The Well Being Trust, a nonprofit devoted to promoting mental, social, and spiritual health, estimated that our response to COVID will cause 27,644 to 154,000 excess deaths of despair, with a midpoint estimate of 68,000 (reference 1).  This was based solely on the unemployment from our COVID response, because there was good previous research showing that a 1% increase in unemployment causes a certain number of increased suicides and deaths of despair.  The estimate of 68,000 did not include the effect of the unprecedented social isolation  from closing churches, restaurants, bars, and health clubs and mandated mask wearing that makes it harder to meet and emotionally connect with others.  My guess would be those factors would cause more deaths of despair than the unemployment alone, so it is very likely the 68,000 estimate is an underestimate.

We have to use estimates since we do not know how many people have died from suicides or drug or alcohol overdoses during the pandemic because the CDC and the state health departments, although they tell us literally every day how many people died of COVID in the previous day, have not told us yet how many died of suicide even for 2019.  You can make of that what you will.  It suggests to me that they consider deaths from COVID to be of much greater consequence than deaths from suicide.

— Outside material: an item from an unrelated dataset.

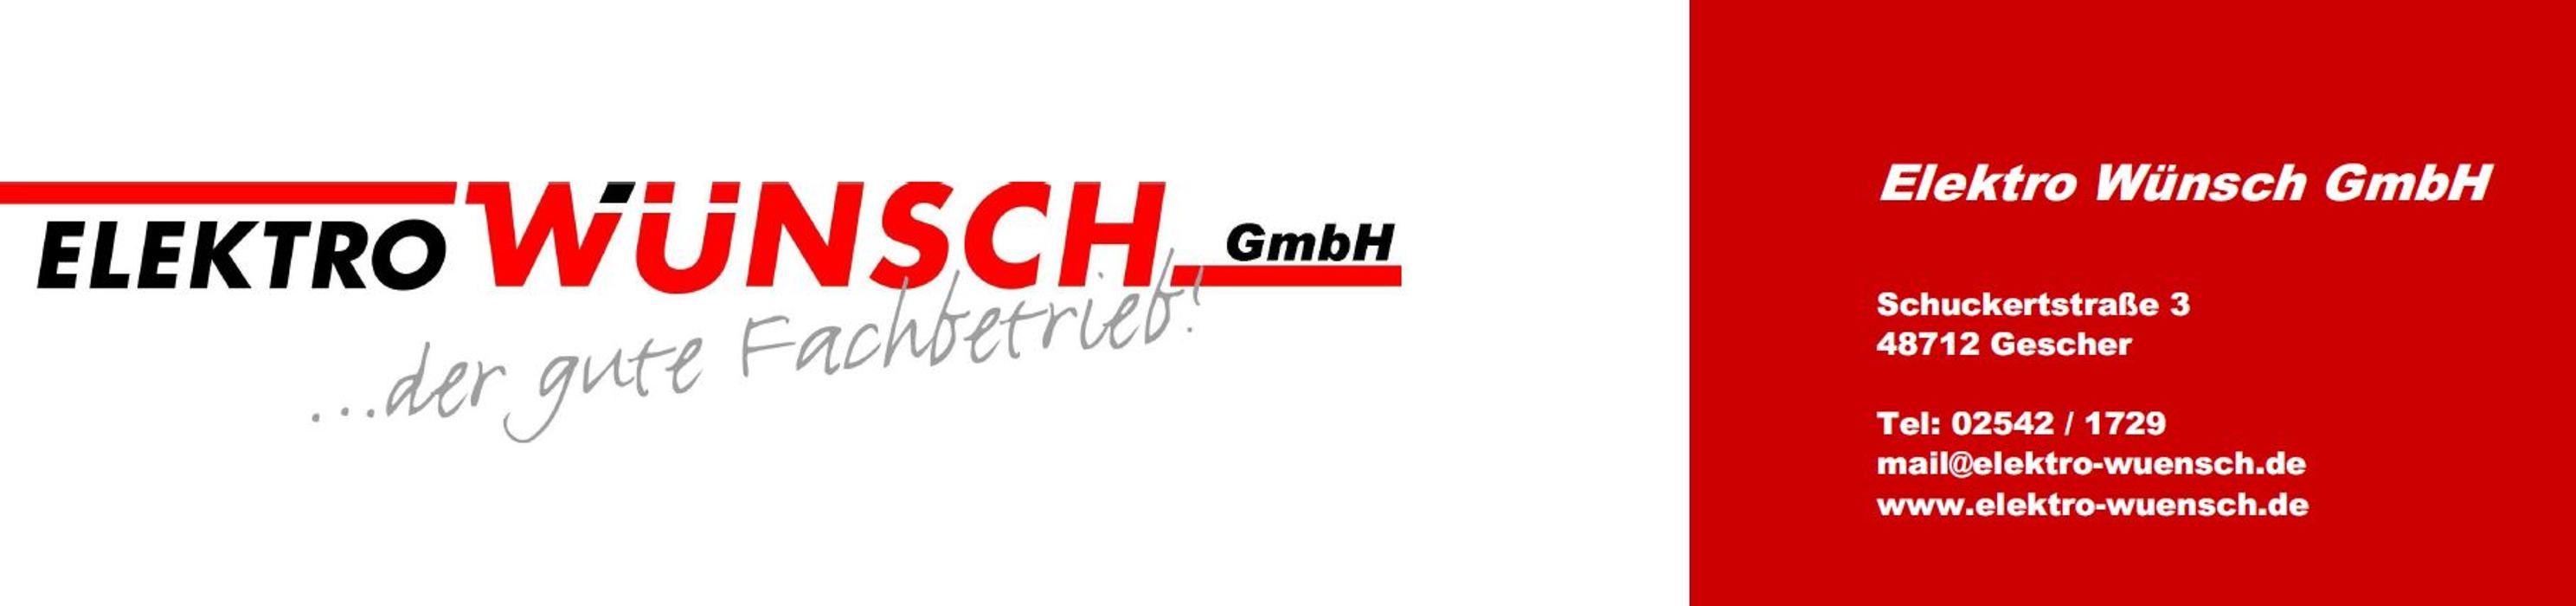 Bild zu Elektro Wünsch GmbH in Gescher

For 2018 though, there were 67,386 drug overdose deaths, 48,344 suicides, and over 95,000 alcohol caused deaths, of which over 40,000 were classified as “100% alcohol attributable” (references 234).   That is a total of 210,000 deaths of despair per year, or 155,000 if you exclude indirect alcohol-related deaths such as liver cancer and cirrhosis of the liver.  Taking the lower 155,000 figure, an increase of 68,000 would require an increase of only 22% per year for two years. I find it hard to believe that we will not have at least a 22% increase in suicides and other deaths of despair for 2 years because of our COVID response.

The CDC has not released total numbers of suicides or other deaths of despair for 2019 or 2020, but they did put out a press release saying that for the 12-months ending at the end of May 2020 there were 81,000 drug overdose deaths and this was a 18.2% increase over the prior 12 month period, which had been a 4% decline from the year before that (reference 5).  Since drug overdoses had been declining, my guess would be the 18% annual increase for the 12 months ending in May 2020 occurred entirely in the three months of March-May 2020, during COVID after the unemployment and social isolation hit.  If so, then it was a 72% increase during those 3 months.  This again suggests to me that we will have at least a 22% increase in deaths of despair for two years and indeed have at least 68,000 excess suicides and other deaths of despair as a result of our COVID lockdown response.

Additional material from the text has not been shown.